Regulation of adhesion molecule expression in Kaposi's sarcoma cells.

Abstract

Kaposi's sarcoma (KS) is a neoplasm with multifocal vascular lesions that is often seen in homosexual HIV-infected individuals. Infiltrates of leukocytes are characteristic components of KS lesions, and the products of leukocytes have been shown to enhance the proliferation of KS cells in vitro and most likely are crucial for the development of KS lesions in vivo. It is therefore likely that the expression of cellular adhesion molecules (CAM) is a critical determinant in the pathogenesis of KS by dictating the numbers and types of leukocytes that accumulate in areas predisposed to KS. We report that in the absence of inducers, KS cells in culture expressed low levels of ICAM-1 and undetectable VCAM-1 and E-selectin. ICAM-1, VCAM-1, and E-selectin were all induced by dsRNA (poly (I:C)), IL-1 beta, TNF-alpha, and LPS in KS cells. All of these agents increased NF-kappa B binding activity in nuclear extracts from KS cells. Neither human dermal fibroblasts nor human aortic smooth muscle cells had detectable VCAM-1 protein expression in response to conditions that led to high levels of VCAM-1 expression in KS cells. Although E-selectin expression was induced in KS cells, the peak cell surface protein levels were less than 25% the levels achieved on HUVEC or human dermal microvascular endothelial cells (HMEC).

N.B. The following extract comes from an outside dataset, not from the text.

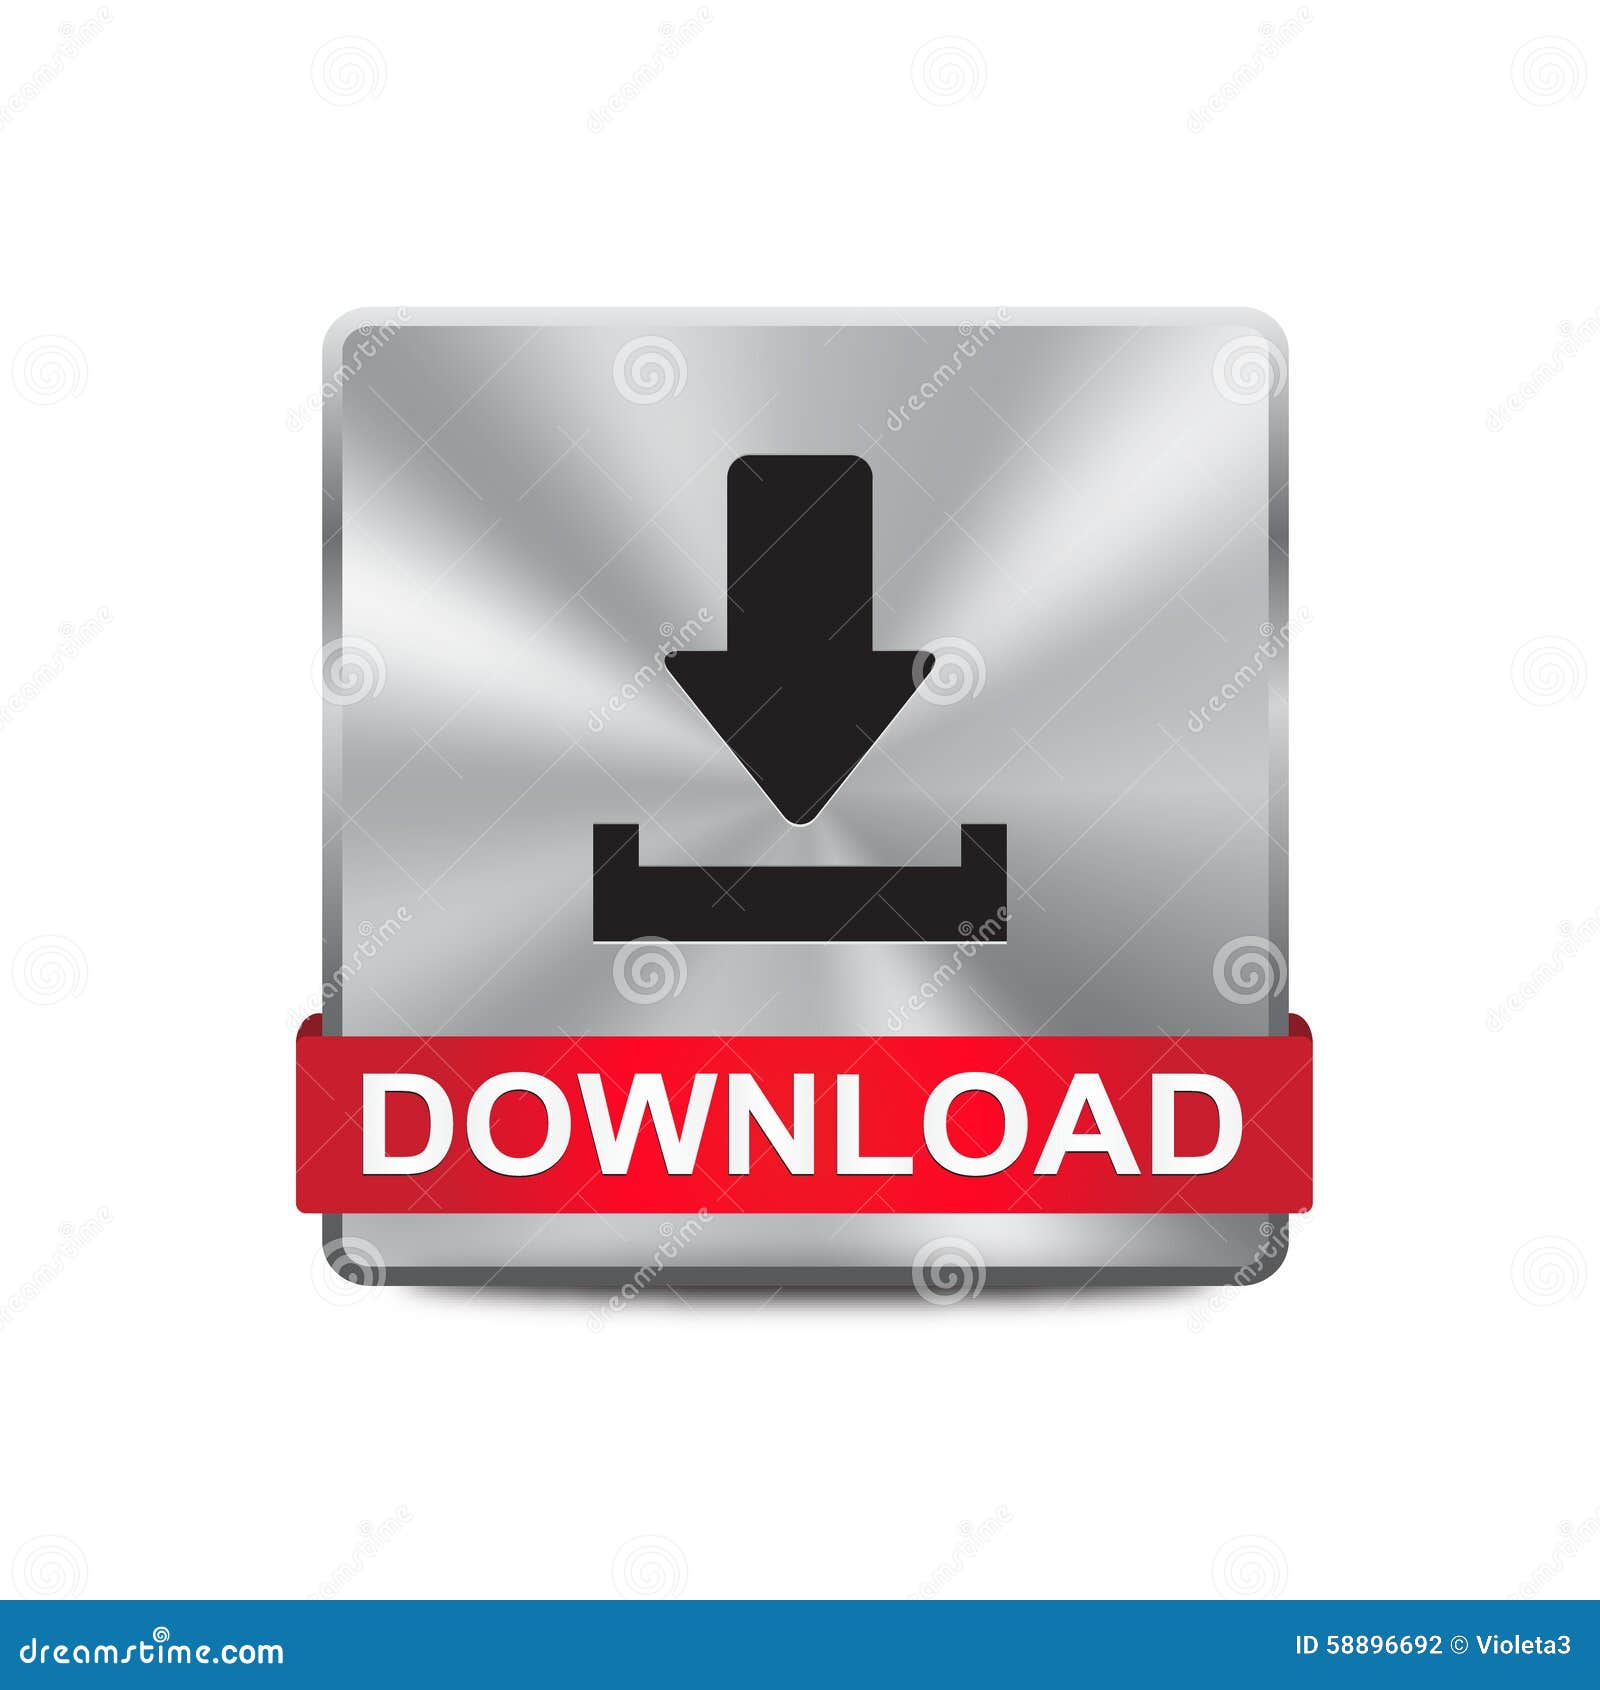 download labview based advanced instrumentation systems
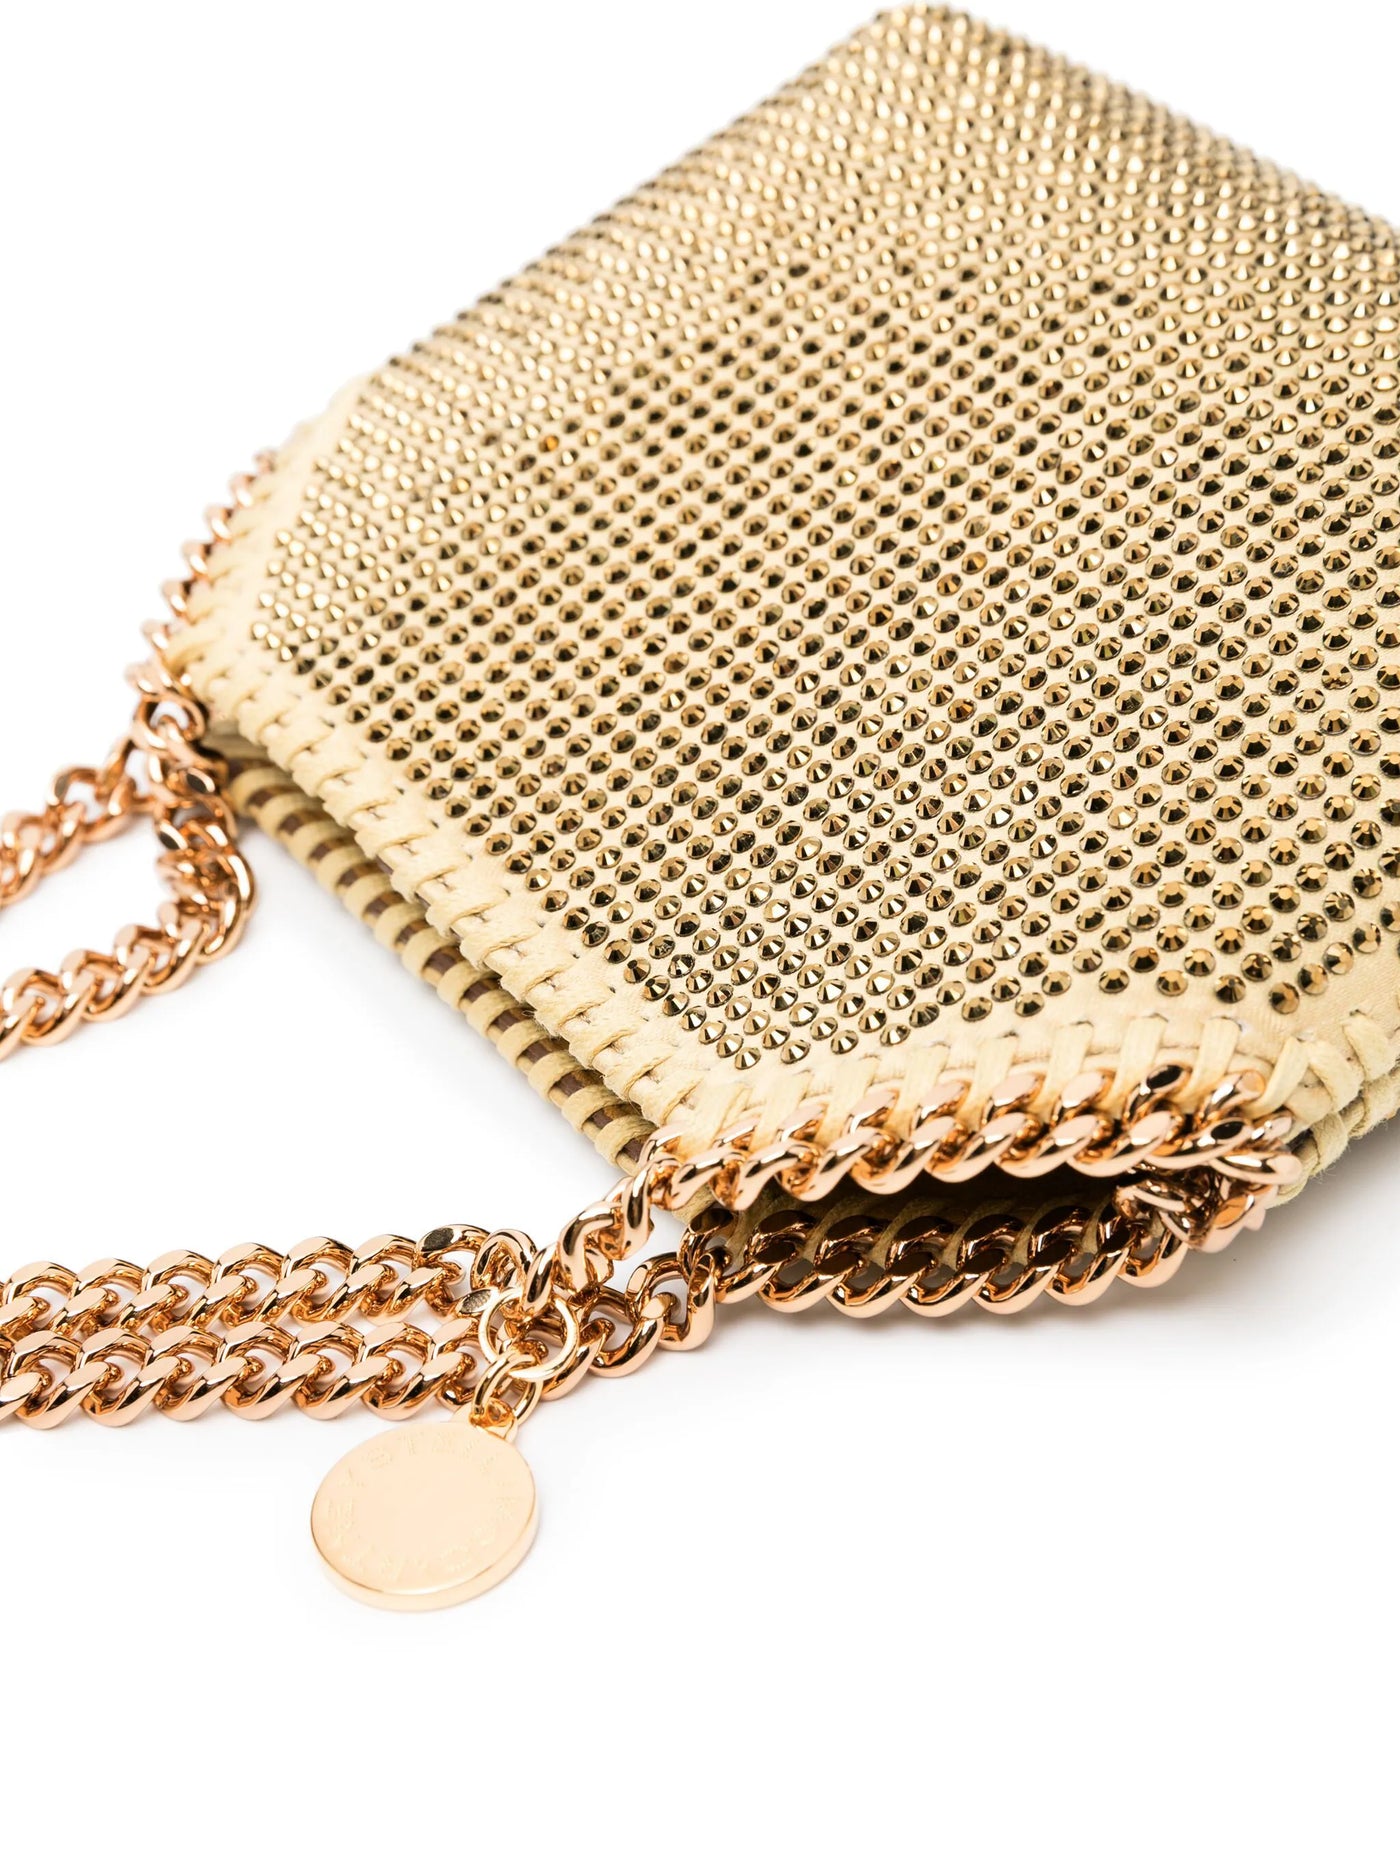 MINI Falabella Bag in ALL OVER CRYSTAL - Gold

These low levels resembled the levels that were induced in HMEC immortalized with SV 40 large T Ag. These data indicate that multiple proinflammatory agents can induce NF-kappa B binding activity and can enhance ICAM-1, VCAM-1, and E-selectin expression in KS cells. The increased CAM expression enhances leukocyte binding to KS cells. Thus, the induction of CAM expression could be an early event in the development of KS by recruiting leukocytes into KS lesions, thereby providing factors that could potentiate the development of KS.